Wednesday, June 28, 2006

Open mouth, insert foot.

In conversations, I sometimes use the wrong word in sentences. One crisp autumn day, when I was a freshman in high school, my drama teacher gave me wonderful news. During the last class of the day--which was English with my drama teacher--time passed as slowly as molasses on a cold day. I fidgeted in my seat, chewing fretfully on my pencil and trying to focus on the worksheet in front of me.

The dismissal bell buzzed like a horde of angry bees, and my classmates and I bolted toward the doors like a stampede of crazed cattle, me being the heifer in the lead.
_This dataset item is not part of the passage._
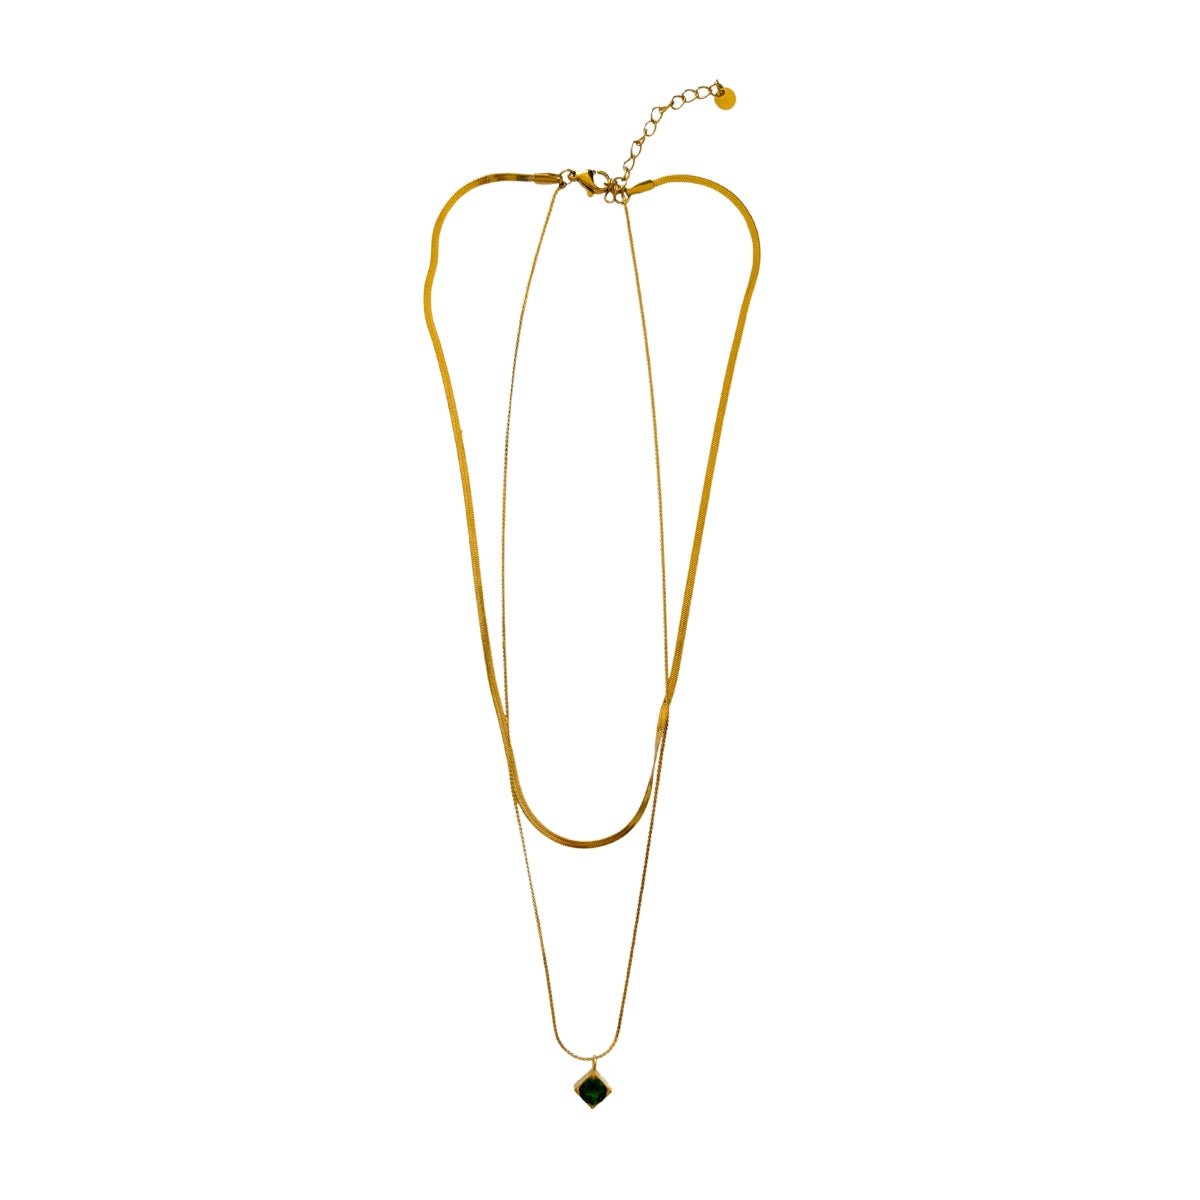 Γυναικείο κολιέ ατσάλινο διπλό με πράσινη πέτρα ζιργκόν επιχρυσωμένο 14k (N1396) - necklace - charmy.gr

The bus ride home was torture, and I unconsciously pushed against the back of the cracked and peeling seat in front of me, willing the bus to go faster. My best friend sat beside me and chattered happily, but she might as well have been talking to a brick wall; my mind was on getting home and sharing the incredible news with my parents. Soon, we reached my driveway, and I barely waited for the bus to stop before I charged down the aisle, off the bus, and down the shady tree-lined drive to my house. I swept into the front door with the force of a twister, threw down my books, and in a grand theatrical style, announced to my parents--who were in the living room--"Guess what?"

"What?" Daddy asked, taking a sip from his coffee cup and not bothering to look up from his paper.

"I'm a member of the lesbian society!"

Daddy's eyes bugged out like a bullfrog's and he blanched beneath his swarthy complextion as he choked and spewed coffee all over his newspaper.

"You're WHAT?" he spluttered.

I crindged in my Reeboks and took a step backward towards the door. Maybe this wasn't good news after all. I thought people liked actresses.

Mama laughed until tears came to her eyes. "No baby, you must mean THESPIAN SOCIETY."

"Yeah, that's it. What's the diff?" Mama took me aside and told me the difference. I blushed when I realized my mistake. Most people learn from their mistakes, but not me.

Years passed without incident until a few weeks before I married John. In the required interview before the ceremony, the priest asked me if I truly loved John. "Oh yes, I'm deeply in lust with him," I babbled happily. My response got me a discrete jab in the ribs from John, and a raised eyebrow from the priest. But wait. . .it gets better.


After my car accident several years ago, Mama stayed with us after I was released from the hospital. I don't like to take anything stronger than an tylenol, but because of my severe pain, I was forced to take a painkiller strong enough to knock a horse off it's feet. On afternoon was particularly trying for the family; I had a follow-up with the doctor, and John picked up his C-PAP for his sleep apnea. As soon as we got back home, I took a painkiller; I felt like someone was jabbing me with a hot poker all over my body. I turned on the TV, and collapsed on the couch while Mama sat in the rocking chair nearby.. The pill took affect immediately, and dimly I was aware of my mom groaning in the chair. Even in my condition I was alarmed.

"Are you okay?" I asked her groggily.

"Yes baby. Just having ANGINA pains."

"John, what are you doing?" I called.

"Just putting together my C-PAP, why?"

"Cause Mama is having VAGINA pains and might have to go to the ER. Mom," I slurred, feeling sleepier by the minute, "John is putting his PAP-SMEAR machine together. He'll take you to the ER if you need to go."

I was alarmed when I heard Mama laughing, not just a guffaw, but a side-splitter. "Oh baby, you've got that all wrong," she gasped. When she was composed, Mama told me what I said. "Need to watch the words you use, hon." she said.

As the years go by, I'm better about choosing my words and paying attention to what I say. It requires little effort on my part, but I prefer a keyboard and a monitor any day; at least I can press "delete" when I use the wrong word.